We use NodeJS with JavaScript as a reference. The default API call is made with Axios:

const azureLongAudio = axios.create({
    baseURL: DEFAULTPATH + apiVersion,
    headers: {
        'Ocp-Apim-Subscription-Key': API_KEY,
        'content-type': 'application/json',
        'X-Microsoft-OutputFormat': 'riff-24khz-16bit-mono-pcm',
        'Content-Type': 'application/ssml+xml'
    }
});

Then we use the next function to call Azure, save a buffer from the returned binary data, create a WAV file, and upload it to an external bucket:

const createAudioFromText = (text) => {
    const version = '1.0';
    const language = supportedLanguages[0];
    const voiceGender = 'Male';
    const voiceName = 'es-ES-EliasNeural';
    const textContent = `
    <speak version='${version}' xml:lang='${language}'>
        <voice xml:lang='${language}' xml:gender='${voiceGender}' name='${voiceName}'>
            ${text}
        </voice>
    </speak>`;
    return new Promise(async (resolve, reject) => {
        const bucket = gcs.getBucket();
        const filename = 'test-01.wav';
        const file = bucket.file(`recordings/${filename}`);

        const { data: audioData } = await azureLongAudio.post('/', textContent).catch((err) => {
            reject(err.response);
        });

        const audioBuffer = Buffer.from(audioData);

        const writer = new wav.FileWriter(filename, {
            sampleRate: 24000, 
            channels: 1, 
            bitDepth: 16, 
            audioFormat: 1 
        });

        writer.write(audioBuffer);
        writer.end();

        writer.on('finish', async () => {
            const writeStream = file.createWriteStream({
                resumable: true,
                contentType: 'audio/wav'
            });

            writer.pipe(writeStream);

            writeStream.on('error', (err) => {
                console.error('Failed to save into GCS:', err);
                reject(err);
            });

            writeStream.on('finish', () => {
                console.log(`Saved in GCS: ${filename}`);
                resolve(audioData);
            });
        });
    });
};

I'd appreciate any response.

Azure AI Speech
Azure AI Speech
An Azure service that integrates speech processing into apps and services.
2,061 questions
{count} votes

1 answer

Sort by: Most helpful
  1. rdfdsd 0 Reputation points
    2023-10-08T08:48:38.0733333+00:00

    To save text-to-speech audio to a file and upload it to Google Cloud Storage (GCS) using Node.js, you can follow these general steps:

    1. Set Up Google Cloud SDK: Make sure you have the Google Cloud SDK installed and configured on your machine. Set up a GCS bucket for Scottsdale orthokeratology doctors where you want to store the audio file.

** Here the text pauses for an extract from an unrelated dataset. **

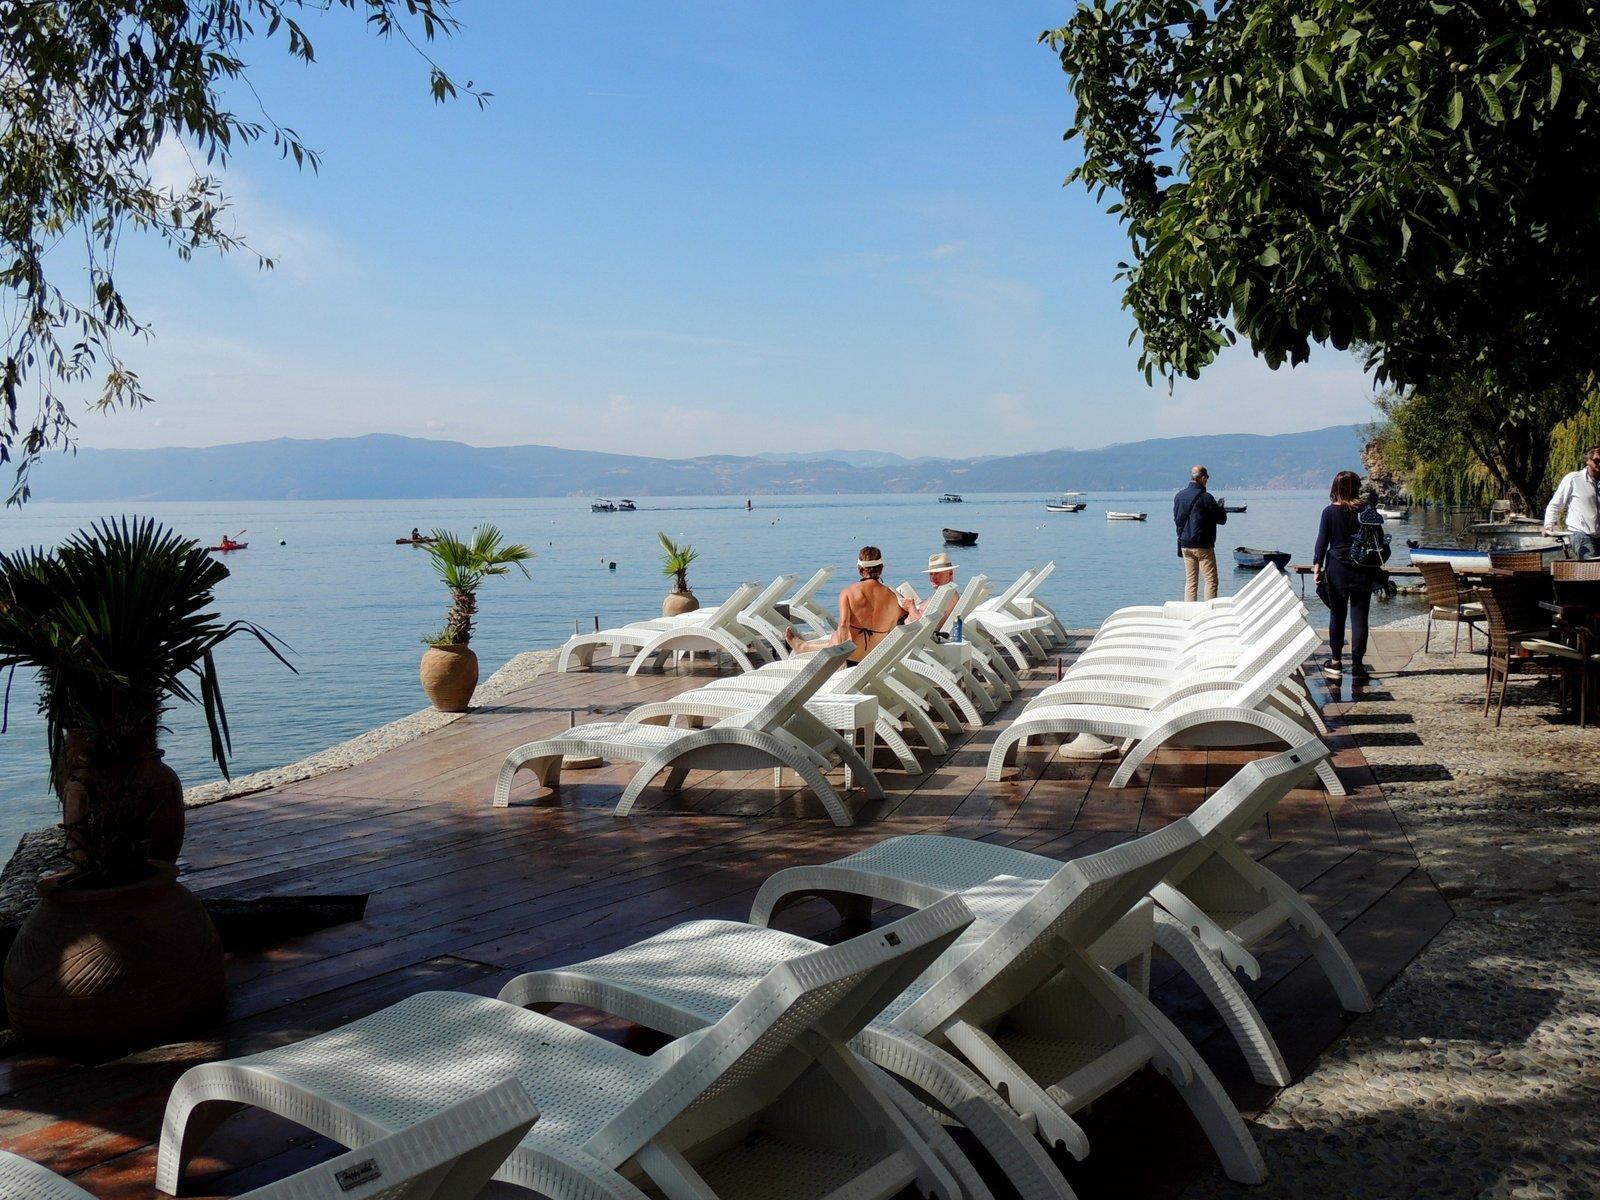 Strandbad in Ohrid mit Blick auf Albanien

    Install Required Node.js Packages: Install the necessary Node.js packages for text-to-speech and GCS interaction. You can use the @google-cloud/text-to-speech library for text-to-speech and @google-cloud/storage for interacting with GCS.

    0 comments No comments

Your answer

Answers can be marked as Accepted Answers by the question author, which helps users to know the answer solved the author's problem.